Power supply best practices question for relay module

Hello,

I am constructing a 120VAC fan controller project. The fan itself will be activated with this relay module.

The module requires a 5VDC power source and has an opto-isolated trigger input that draws 5mA from what I can tell. This will be controlled by an Arduino Uno R3.

In prototyping I have supplied the 5VDC to the relay module directly from +5V and GND on the UNO. This works just fine and does not seem to cause any issues. When the coil it engaged, I am measuring about 60mA of current draw on the modules power leads. I'm not totally sure if that is excessive or not for the +5V Uno supply.

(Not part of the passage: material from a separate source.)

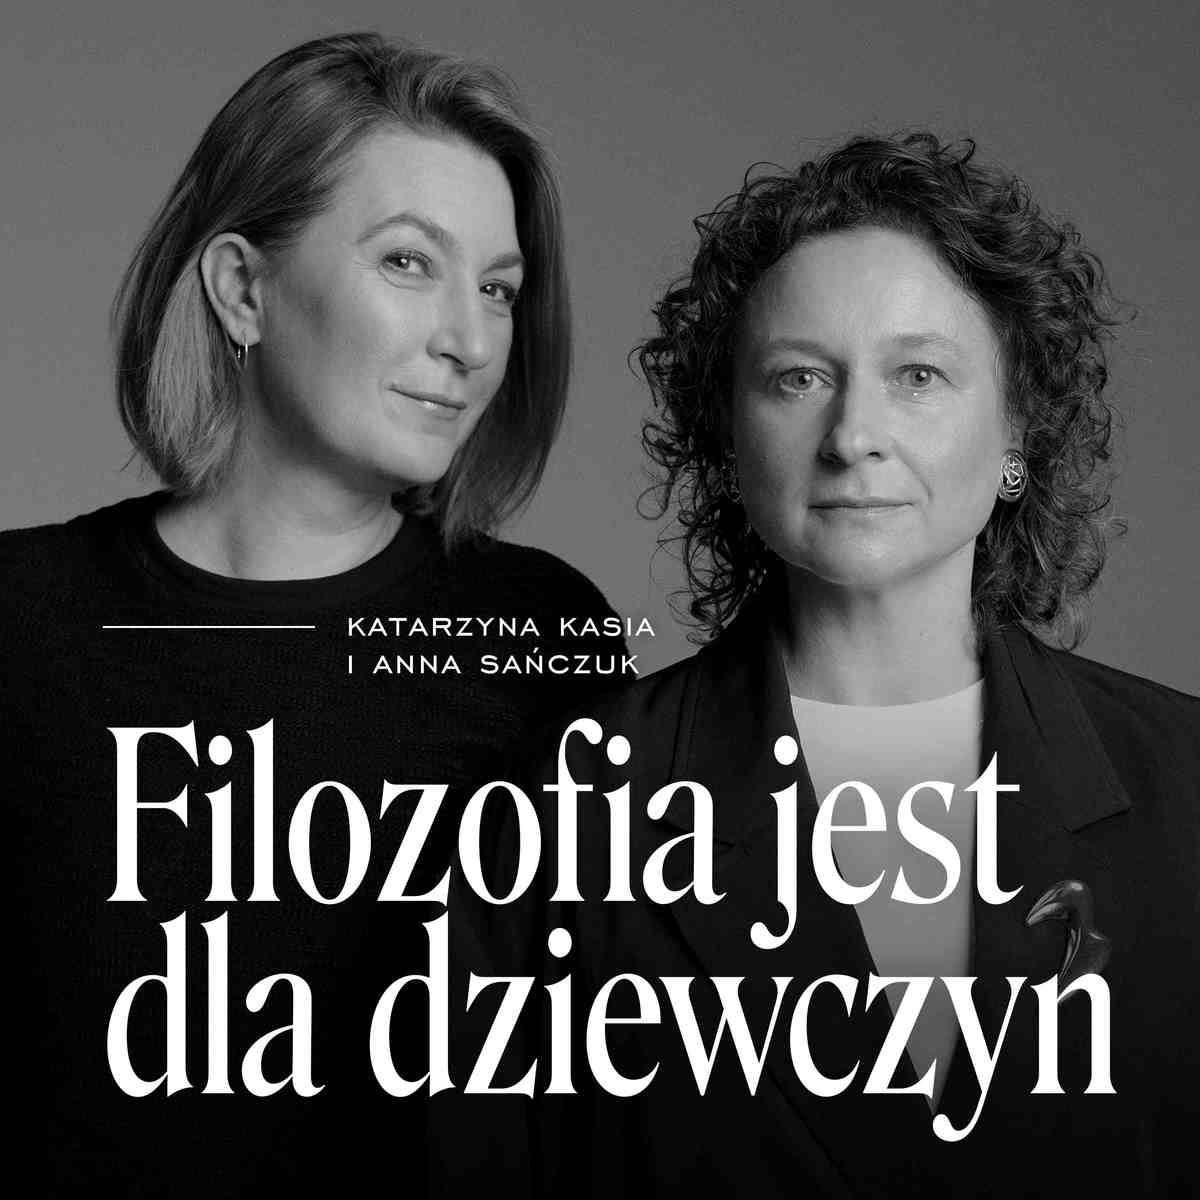 W nowym podcaście „Filozofia jest dla dziewczyn” Anna Sańczuk i Katarzyna Kasia rozmawiają o filozofii z  kobeicej perstektywy.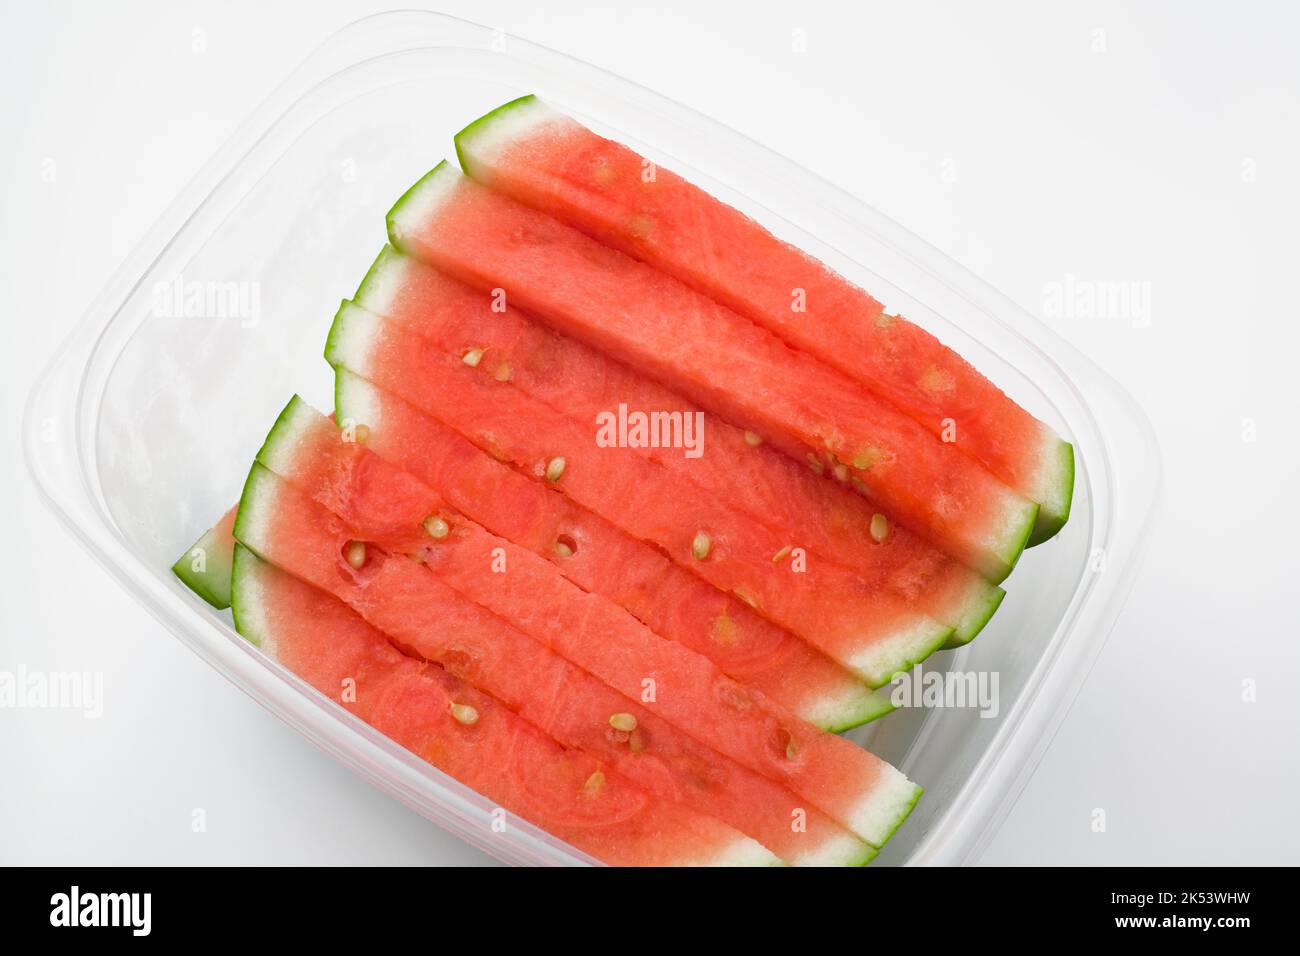 Citrullus lanatus - Watermelon slices in plastic container. Stock Photo

I am wondering what would be the best practice for powering this relay once built into a permanent solution. My initial thoughts were one of the following:

  • Use a separate wall wort or usb brick to provide power to the Arduino and then continue using 5V power directly from the Uno to power the relay.

  • Use a separate wall wort or usb brick to provide power to the Arduino. Use the same power supply to go the the relay independently and tie the grounds together between the Arduino and the relay. This would be in an effort to reduce the current that the Arduino has to supply.

  • Some other third thing that I don't know about.

Additionally I wonder if it is more proper/normal to have the external DC power supply as described above or to tap off of the 120VAC inside the project enclosure and run a 5VDC power supply inside the enclosure, thus eliminating the extra cord.

Thank you for your time and for any information you can provide on what is the best way to approach this.

Oh also, this is my first real project after finishing the tutorials. While everything seems to work in the prototype, would it be appropriate to create a post in this forum with all details, just asking for general thoughts and code review?

It’s not a good idea to significantly load the 5v pin, depending on your input voltage and the load you can overheat the Arduino voltage regulator because of the power it has to then dissipate .

I would use a power supply to generate 5v dc ( stabilised) from wherever you like , and feed the Arduino via the 5v pin , and the relay module from the same supply .

mmitchellmoss:
would it be appropriate to create a post in this forum with all details, just asking for general thoughts and code review?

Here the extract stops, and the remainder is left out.